In the other designs asymmetry of the target acoustic
responses is used to compensate for driver offsets.

rgds, sreten.

So, moving the xover points and q's of the each filter circuit? I can do that. 🙂 I thought of that but I thought that was cheating somehow.

Best,

Erik
 
You need to physically offset the drivers. Typical woofer will be delayed by 25mm behind tweeter. Sometimes more. Designs that achieve time alignment uses several inches of offset sometimes. Look at Dunlavy SC-IV and Danley Synergy. There is no way an all pass delay will get you of order 1 millisecond delay. The easy way is to use DSP, the you can keep the flat baffle. That's what I do to implement the Harsch XO which requires typical 1 to 1.5ms delay for a low 400Hz xo.

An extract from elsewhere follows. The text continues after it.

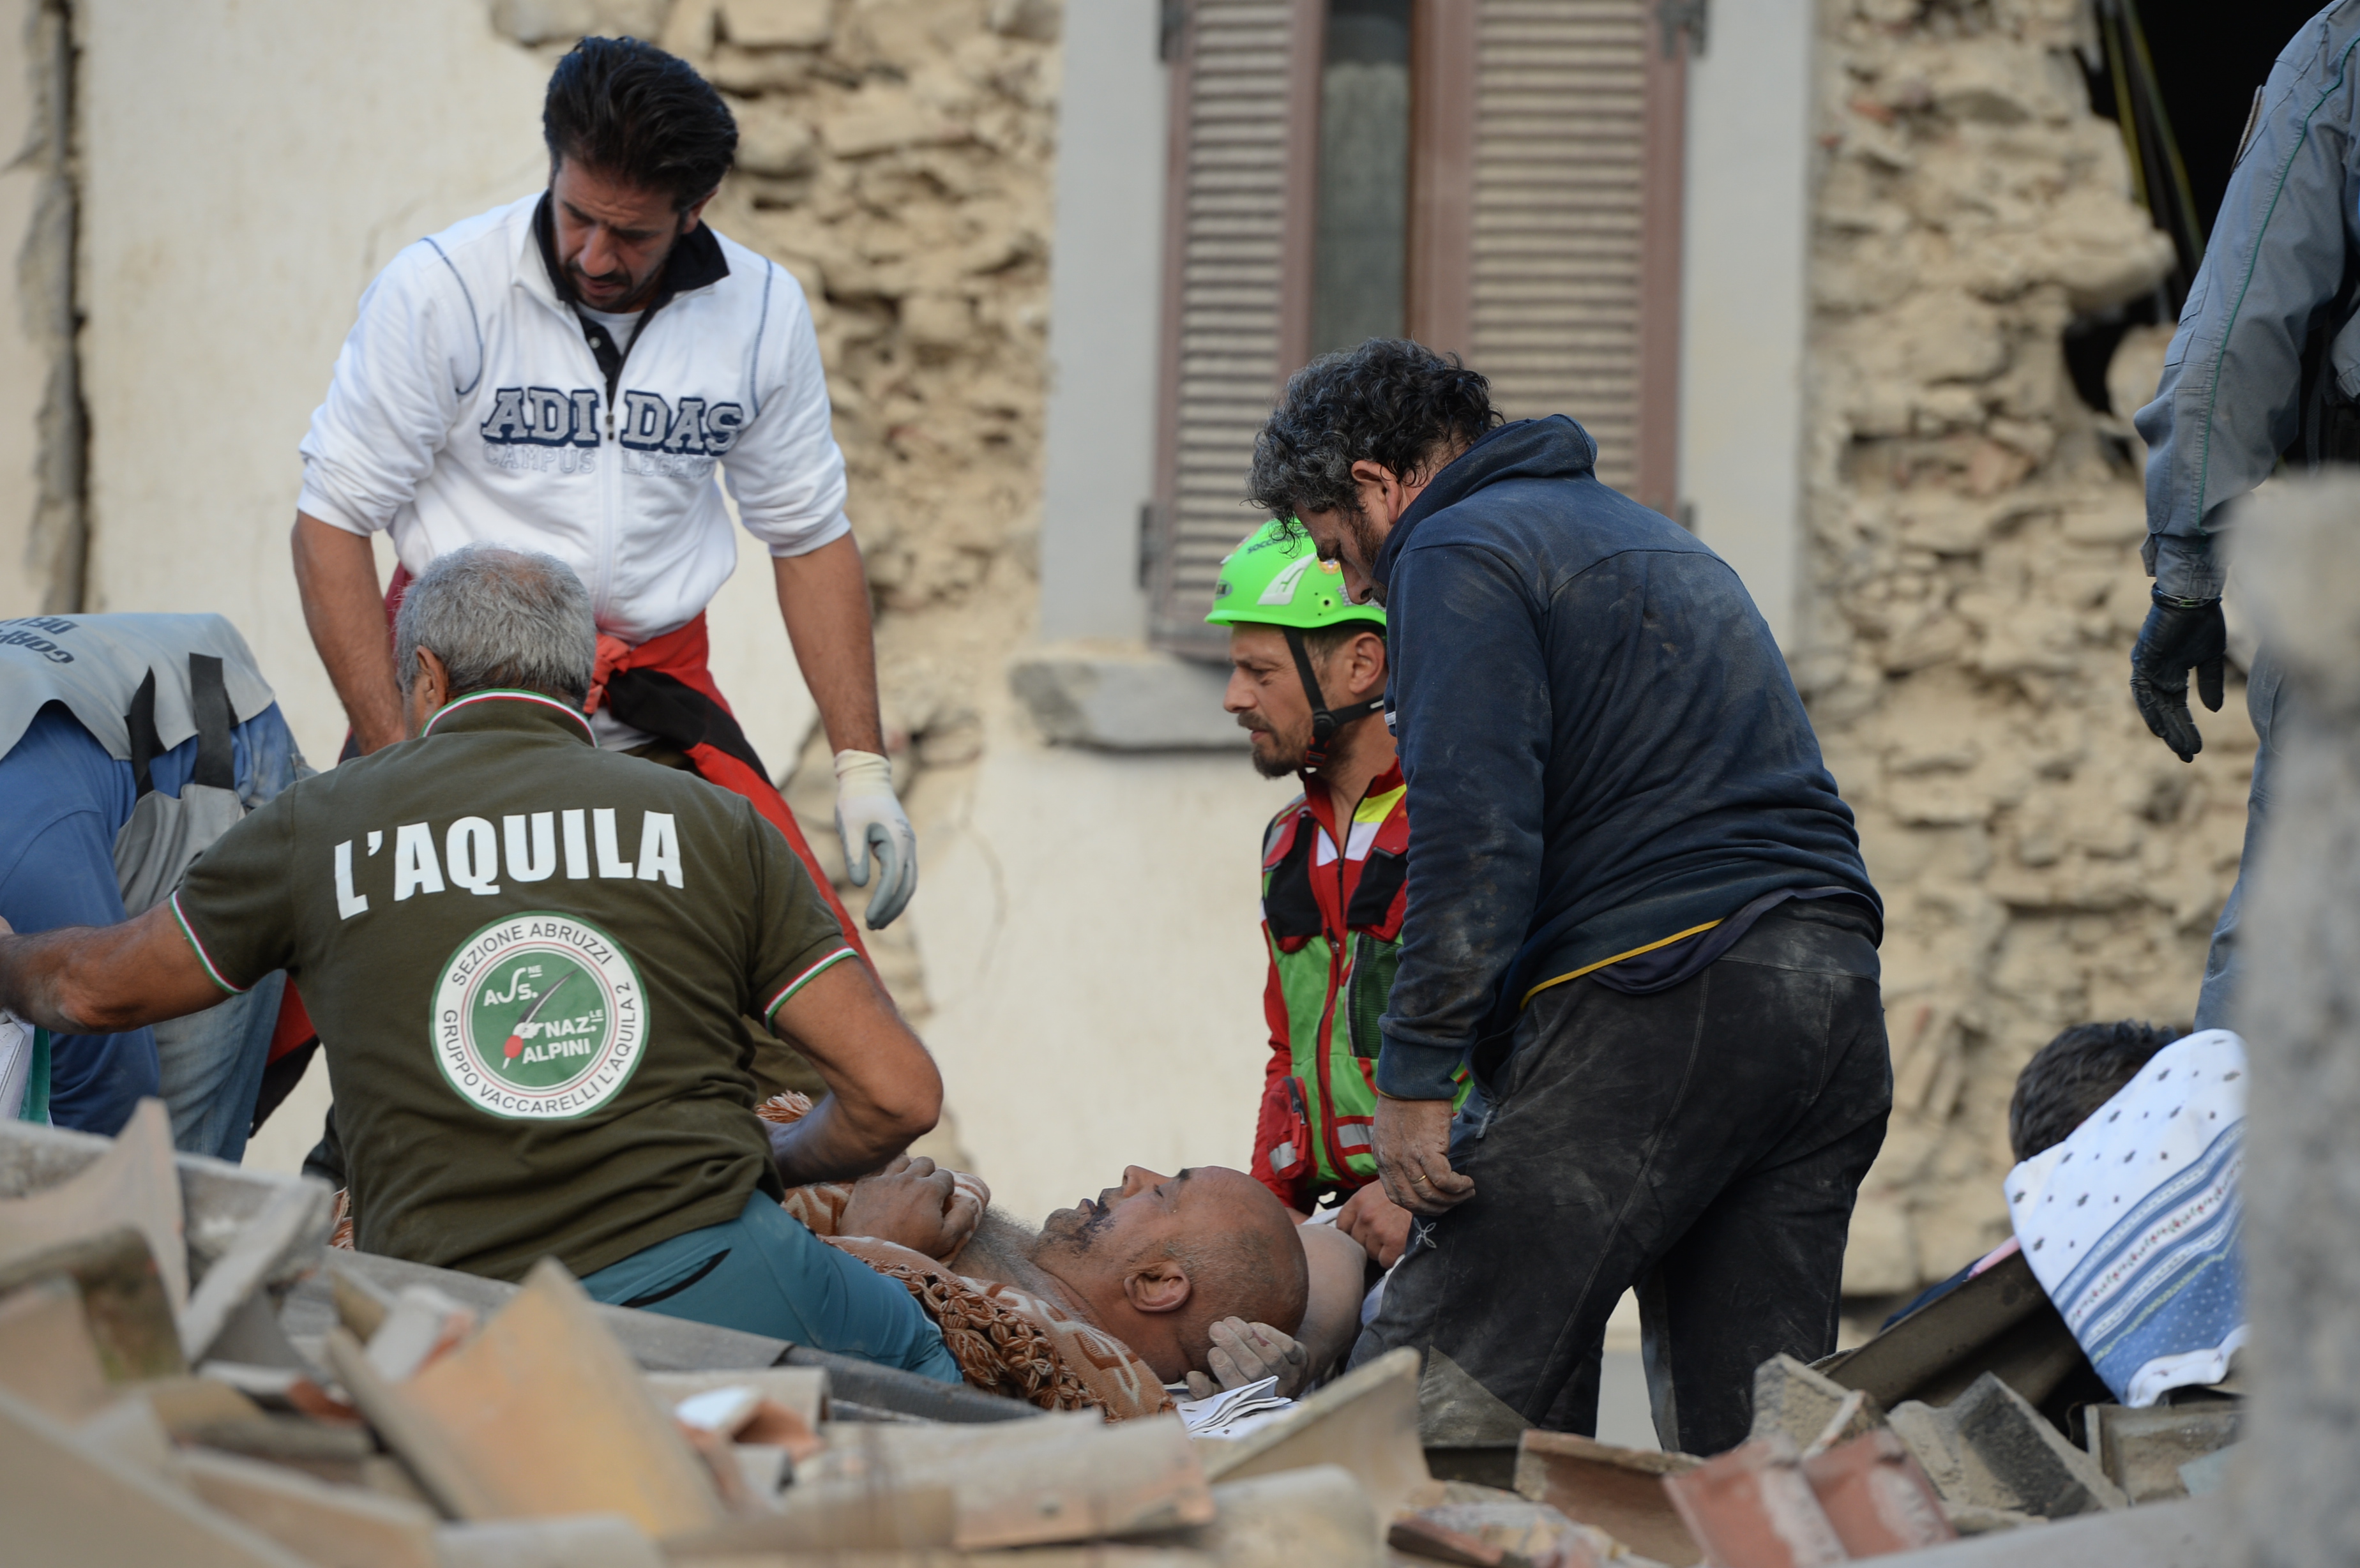 Rescuers help a victim in a damaged building after a strong heartquake hit Amatrice on August 24, 2016. Central Italy was struck by a powerful, 6.2-magnitude earthquake in the early hours, which has killed at least three people and devastated dozens of mountain villages. Numerous buildings had collapsed in communities close to the epicenter of the quake near the town of Norcia in the region of Umbria, witnesses told Italian media, with an increase in the death toll highly likely. / AFP PHOTO / FILIPPO MONTEFORTE

Sound needs to be delayed 13in for every millisecond so not practical from passive or even offset driver scheme.

Right, but for instance, my current project the cabinet is already built, but most of my designs would be no more comlicated than a Dayton kit box. 🙂

I can see how easy it would be in the DSP world.

I guess what I should have done was clarify in my questions that I wanted to alter my speaker level crossover to get proper phase matching at the crossover point. Like you mentioned, woofer's and mids often lag the tweeter by about an inch (paraphrasing) so I was curious how the big boys do this in their speaker level crossovers.

Thanks for all that,

Erik
 
So, moving the xover points and q's of the each filter circuit? I can do that. 🙂
I thought of that but I thought that was cheating somehow.

Hi,

If it works its not cheating, your basically manipulating
the vertical response around the crossover region.

Due to the offset the ideal acoustic responses will not
sum ideally, so your basically making the best choice
of your real options, which is nothing like cheating.

rgds, sreten.
 
That doesn't mean I can follow it. 🙂 I think I'll pass on that for now.



So, moving the xover points and q's of the each filter circuit? I can do that. 🙂 I thought of that but I thought that was cheating somehow.

Best,

Erik

You're not moving the xover point. You are making the acoustic rolloff slopes asymmetrical to compensate for the Z-offset difference. The added phase delay of a 3rd order electrical on a tweeter with a 2nd order electrical on the adjacent woofer adds phase delay to the tweeter through the xover region.

Later,
Wolf
 
per inch...
Won't fly. This is frequency dependent, cross low enough and it no longer matters.

reduce filter Q
Reduce woofer filter influence by using a lower order filter (typical), increasing the woofer turnover frequency or vice versa on the tweeter.

You are making a tradeoff. If the response is increased at the crossover it can be dialled back by leaving the phase slightly out on axis.